Suicide in Nepal () has become a minor national issue highlighted by a series of high-profile suicides in recent years. Ranked 126th by suicide rate globally by the 2015 World Health Organization report, Nepal has an estimated 6,840 suicides annually, or 8.2 suicides per 100,000 people. Suicide is currently the leading cause of death for Nepalese women aged 15–49.

Underreporting
The rate of suicide in Nepal has been reported to be as low as 3.7/100,000 as a result of under reporting caused by issues of legality, social stigma, and logistical problems.

Suicide is illegal in Nepal and is punishable by fines and imprisonment. According to the director of Samanta, a Nepalese organization for women’s rights, "most families will never report suicide cases as they are afraid of being entangled in police cases." In attempts to avoid legal trouble, suicidal patients and their families may avoid going to hospitals for treatment. Even after death, victims of suicide may have their deaths misattributed to avoid legal problems for their families.

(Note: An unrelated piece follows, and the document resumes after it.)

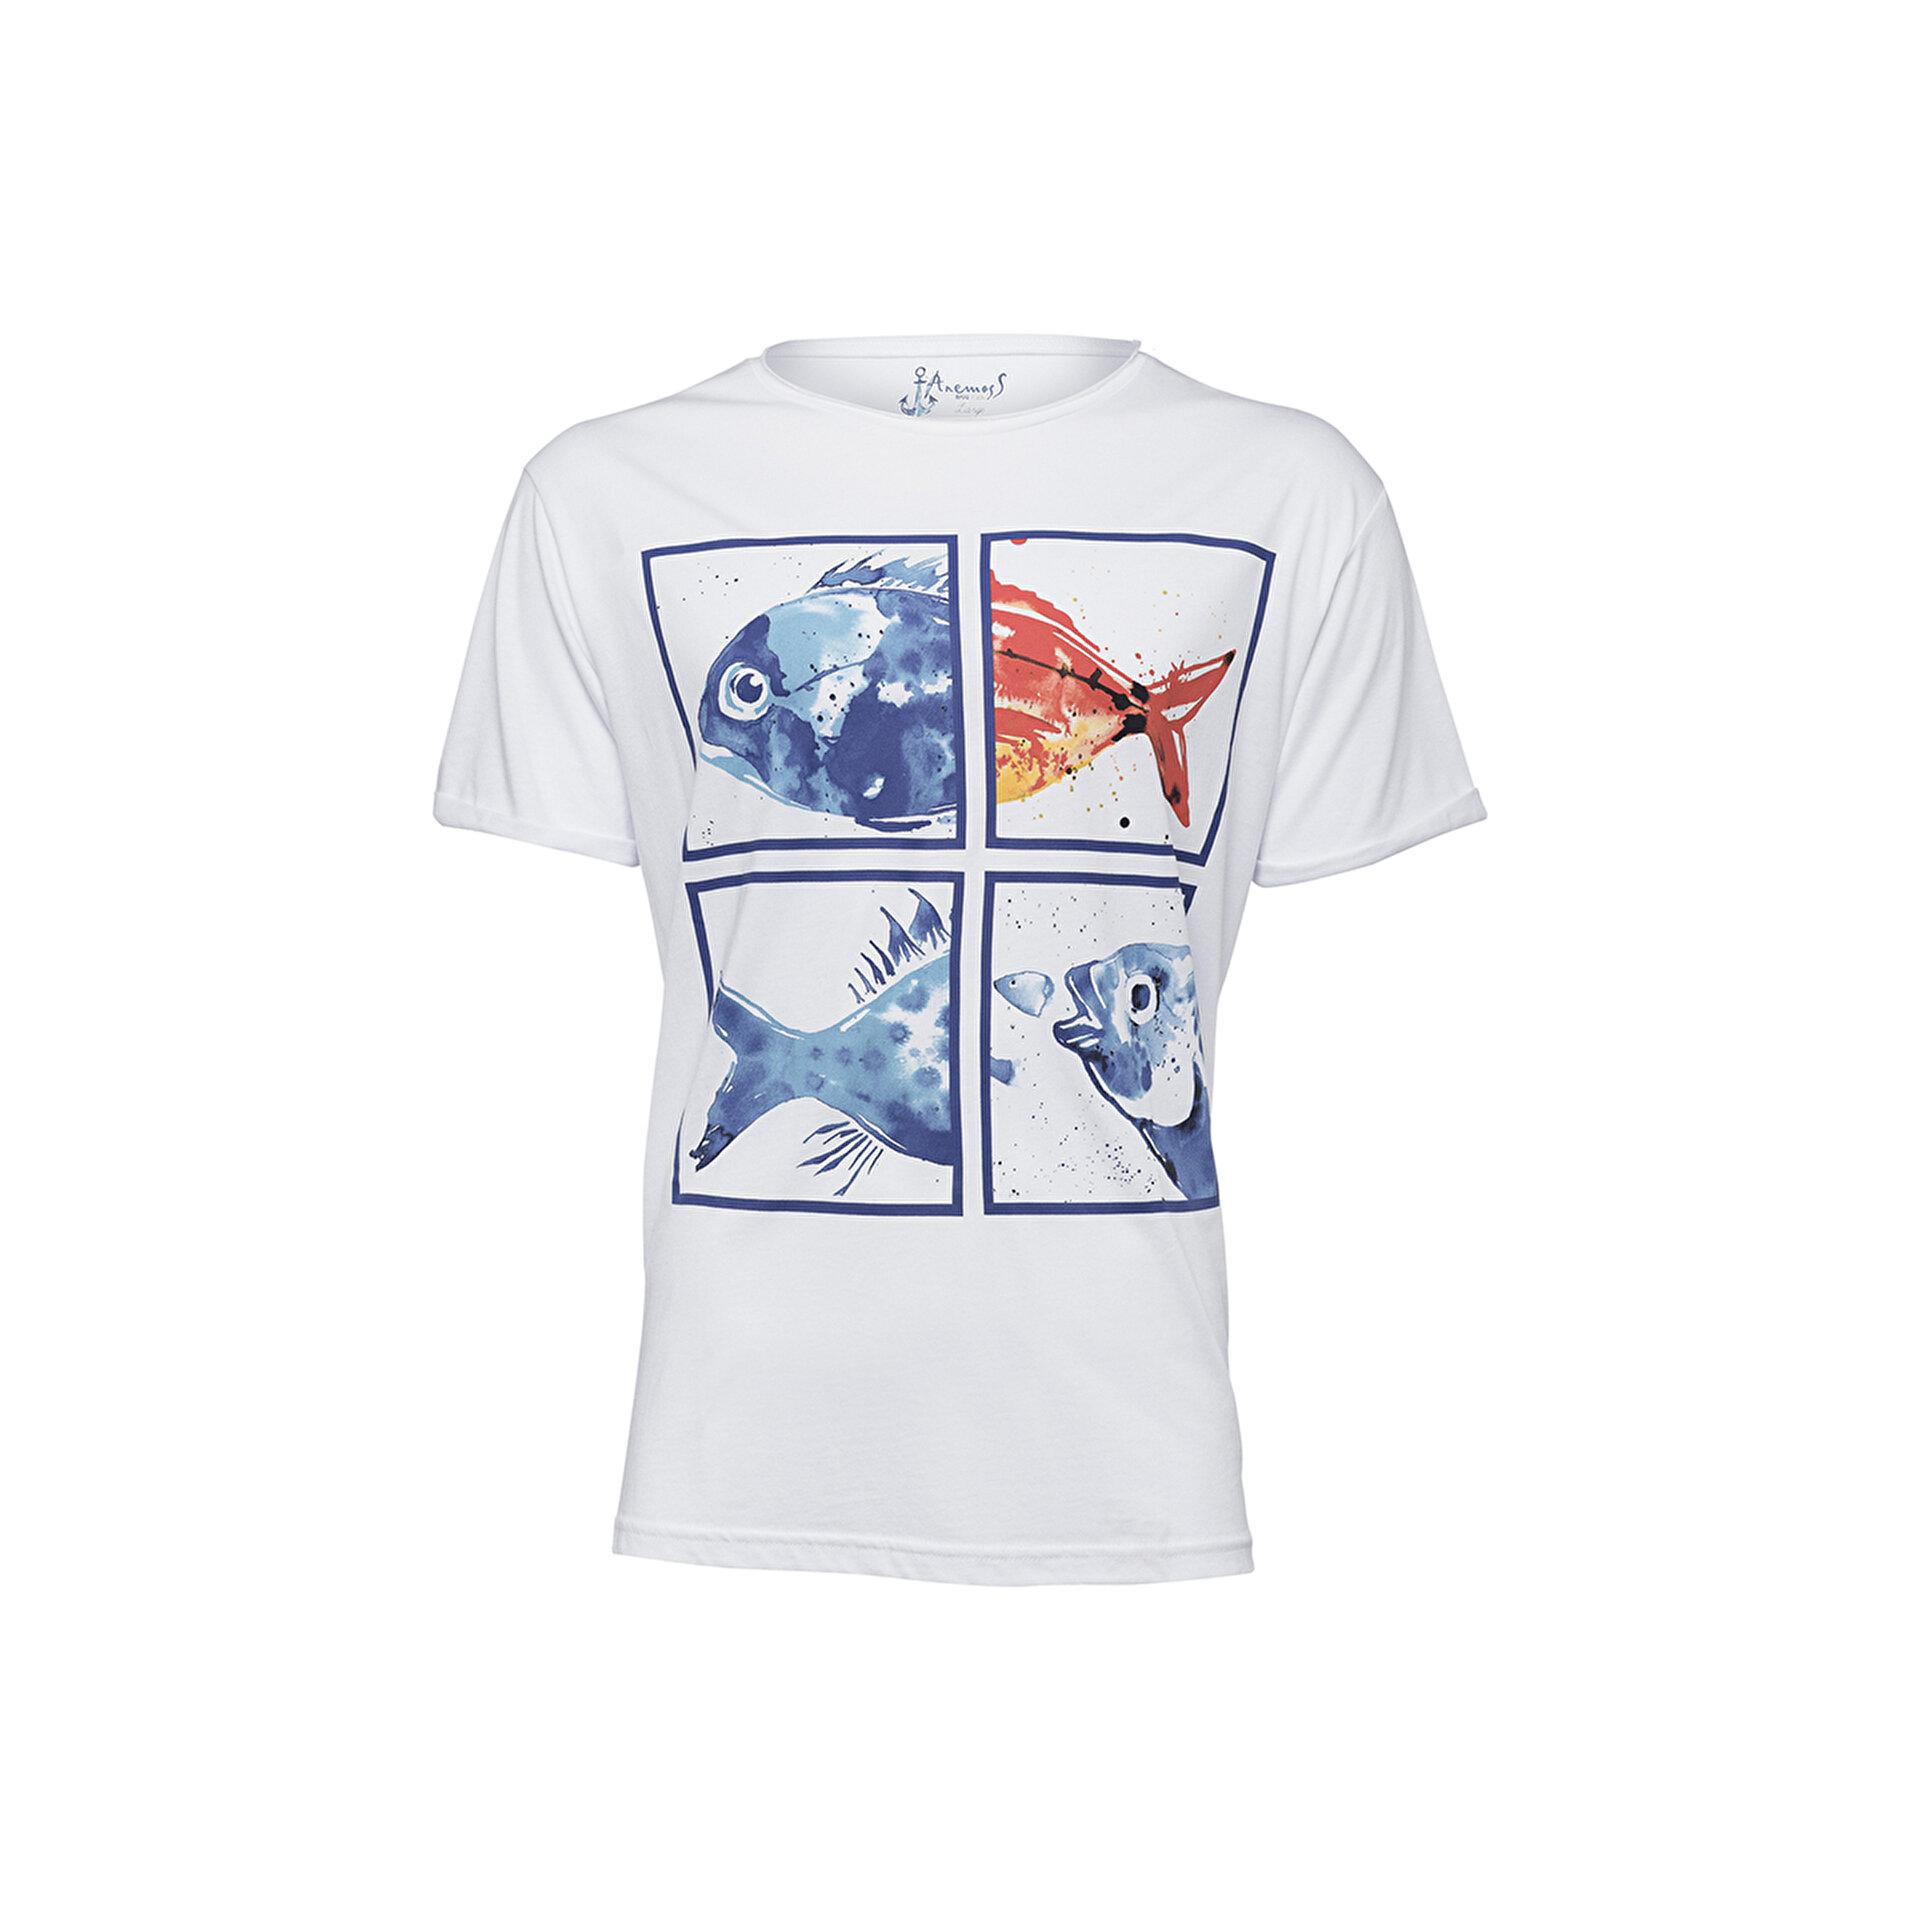 Picture of Biggdesign AnemosS Akvaryum Erkek T-Shirt
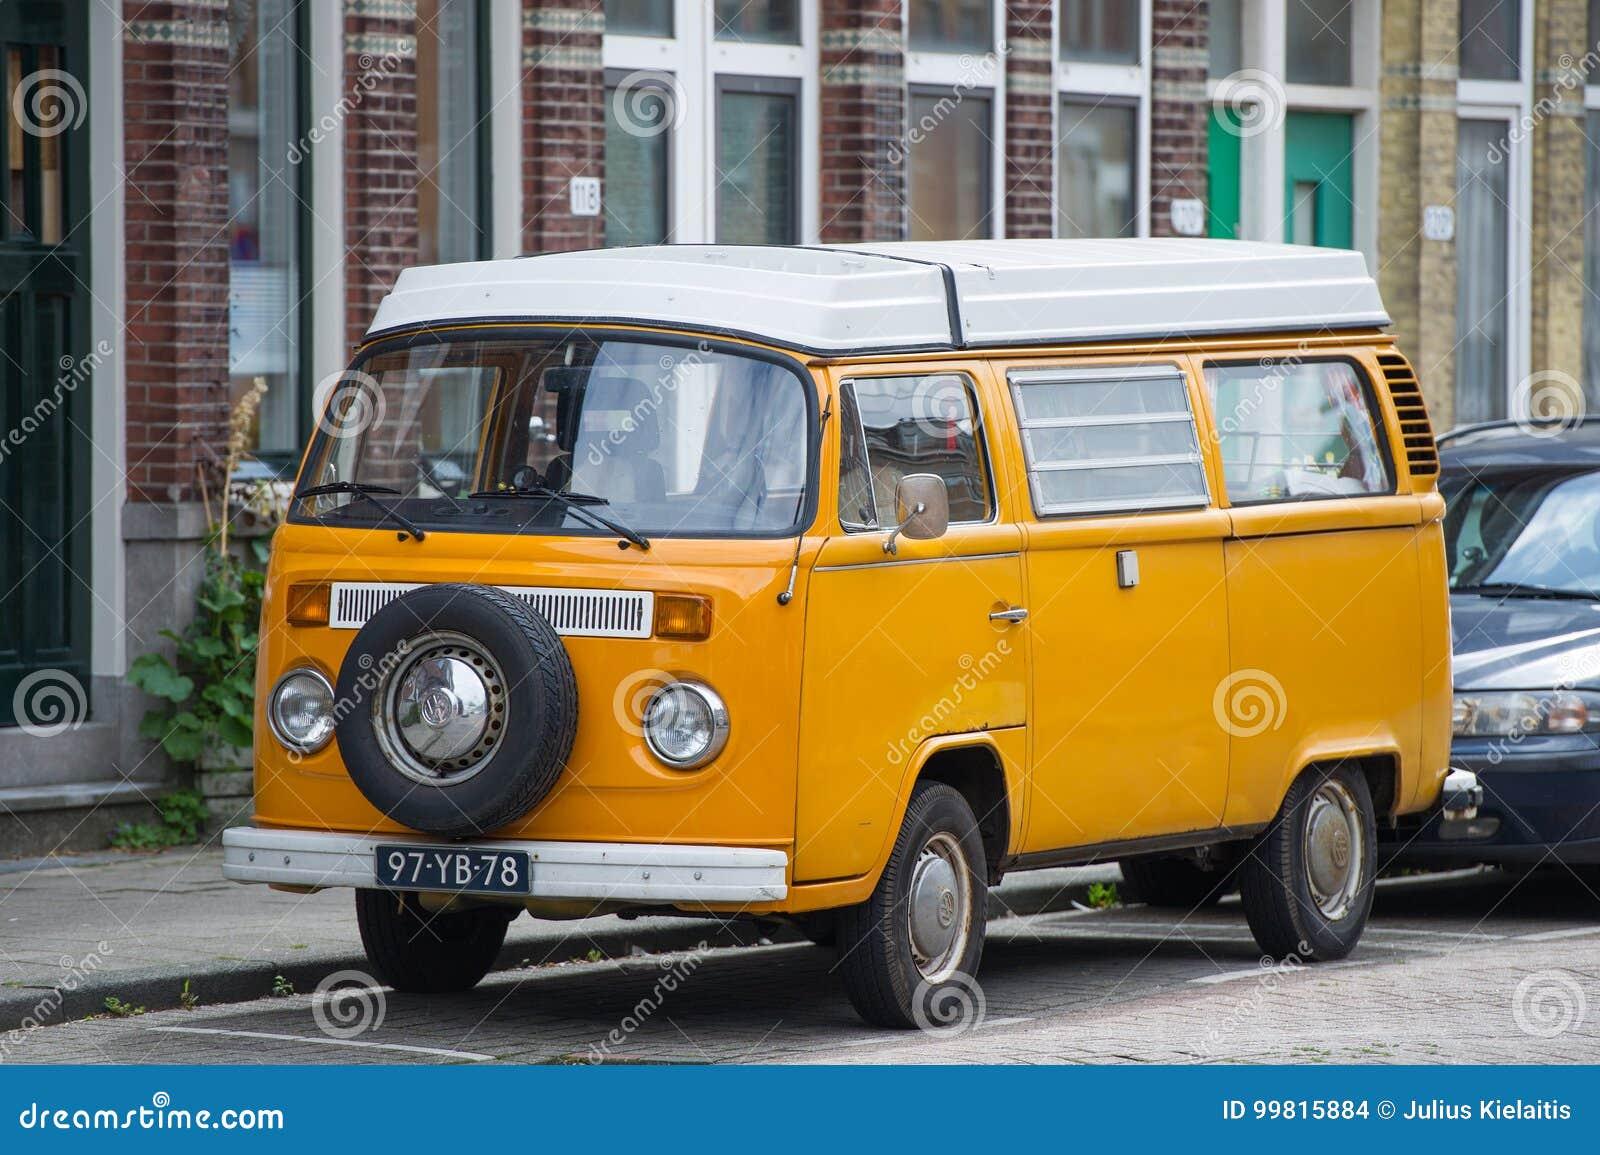 vw bus volkswagen transporter t2 campervan editorial. Black Bedroom Furniture Sets. Home Design Ideas

Families may also avoid reporting suicides due to social stigma and discrimination against people with mental health problems. Despite the recent abundance of articles discussing suicide in Nepal, issues related to suicide are largely avoided, both as the result and perpetuation of a powerful social stigma against mental illness. For women in particular, the under reporting of suicides and suicide-attempts may be caused in part by a "culture of silence", especially in cases related to domestic abuse.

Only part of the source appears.